The economy that essentially defines globalization is built on the worldwide transport of goods and services as well as the accelerating connectivity wrought by modern telecommunications and information technology. Although some time-critical material travels by air, the overwhelming bulk of this worldwide transport occurs by sea and is facilitated by international law such as the 1982 United Nations Convention on the Law of the Sea and other accords. However, regional aggressors, international pirates, rogue states, international terrorists, and the like have little respect for international law. Ultimately, it is incumbent on maritime powers such as the United States to guarantee this worldwide transport of goods and services by protecting the ocean commons—both the high seas and the ports of embarkation and debarkation.

In concert with the navies of allied nations, the Navy and Marine Corps are the guarantors of international trade, allowing it to flourish and expand without the fear of long-term disruption.
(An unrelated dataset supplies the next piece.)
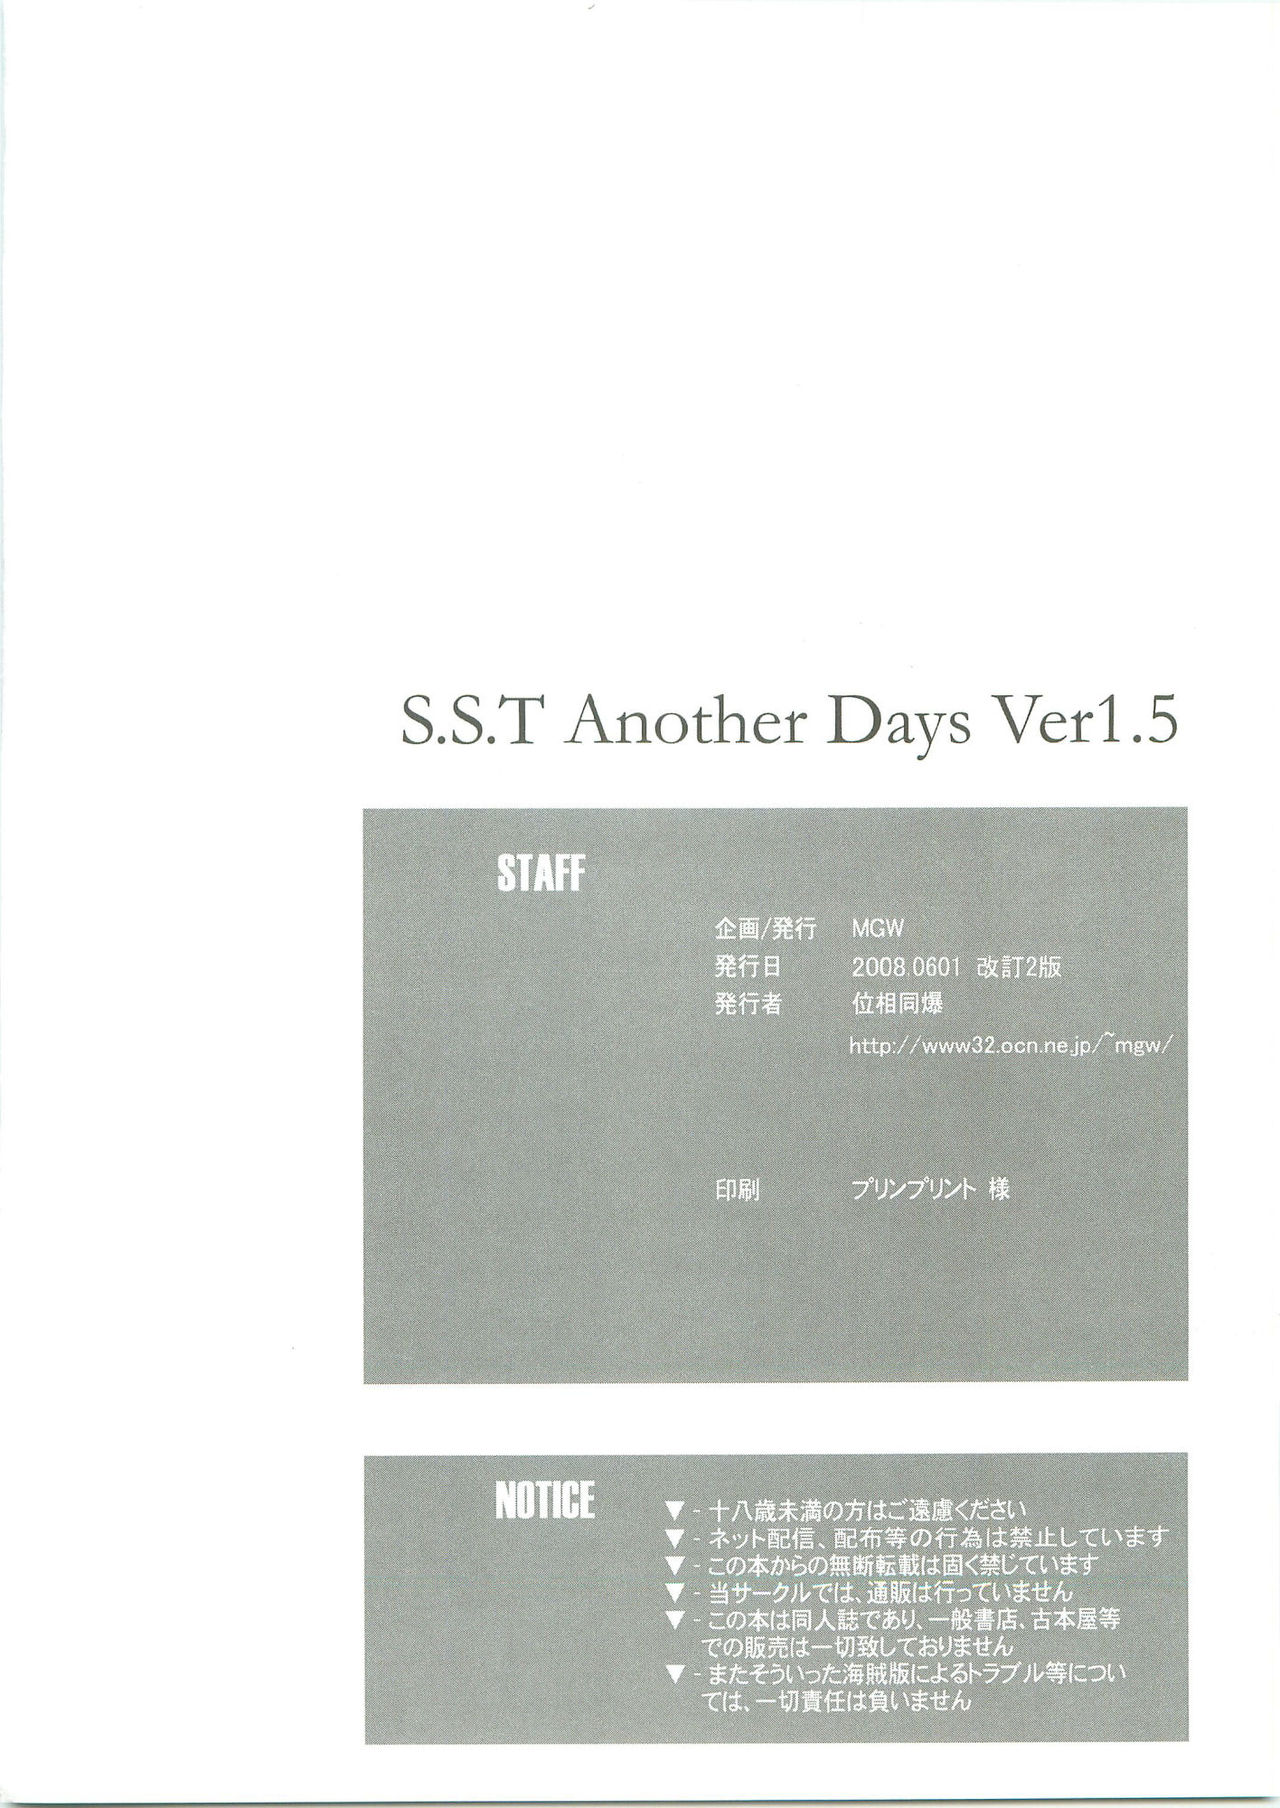 [MGW (Isou Doubaku)] S.S.T Another Days Ver1.5 (ToHeart2) (同人誌) [MGW (位相同爆)] S.S.T Another Days Ver1.5 (ToHeart2)

While localized crises such as the Iraq-Iran tanker war during the 1980s can temporarily disrupt international trade, ultimately the maritime powers in general, and the United States in particular, restore order on the global commons with their naval forces. Clearly, without this worldwide naval presence—and the threat of retaliation against those who would disrupt world trade—it is unlikely that globalization as we know it today would be a reality, and thus, the continued expansion of a globalizing economy could well be an uncertain thing.

Increasingly, expeditionary warfare forces are becoming more visible in their role in undergirding the political stability necessary for globalization. Other naval assets—such as CVBGs, submarines, independently operating surface combatants, and long-range tactical aviation—play key roles in enforcing order on the high seas portion of the global commons. But it is the nature of amphibious forces—that is, the ability to project power from the sea onto the land in a measured, tailored fashion—that makes them the most likely asset to be called upon to perform stability operations. Landing marines ashore has an obviously longer-term impact (and more flexible outcome) than aerial bombing or a missile strike. In this sense, amphibious forces are the most visible sign of reassurance for friendly nations and deterrence for potential hostile actors.

Should an aggressor threaten commerce on the global commons—either on the high seas or in the littorals—expeditionary warfare forces are structured to extract swift retribution: from destroying ships, aircraft, ports, or airfields that disrupt or even threaten to disrupt global commerce, to protecting the ports and airfields of friendly nations to ensure the continued free flow of trade, to directly attacking pirates or other rogue entities that seize or otherwise hazard international merchant shipping, to escorting this same shipping during selected portions of their transits.

The ability of expeditionary warfare forces to serve as key guarantors of international commerce from terminus to terminus makes them indispensable assets in facilitating and accelerating globalization. While these forces dramatically impact globalization, so too does globalization impact the rule set for the conduct of amphibious warfare. This suggests that the paradigm for expeditionary warfare may be changing as rapidly as globalization is changing the world.

George V. Galdorisi was on target. We observe that nearly 6 years later the paradigm for expeditionary warfare has already changed as a direct result of globalization. The major, visible influence of globalization is that the importance of expeditionary forces has increased, but in the process we observe the prominence of amphibious assault within the context of expeditionary forces has decreased. This has led to new expeditionary warfare force requirements, and the results appear to be Sea Basing... and all the definitions of it.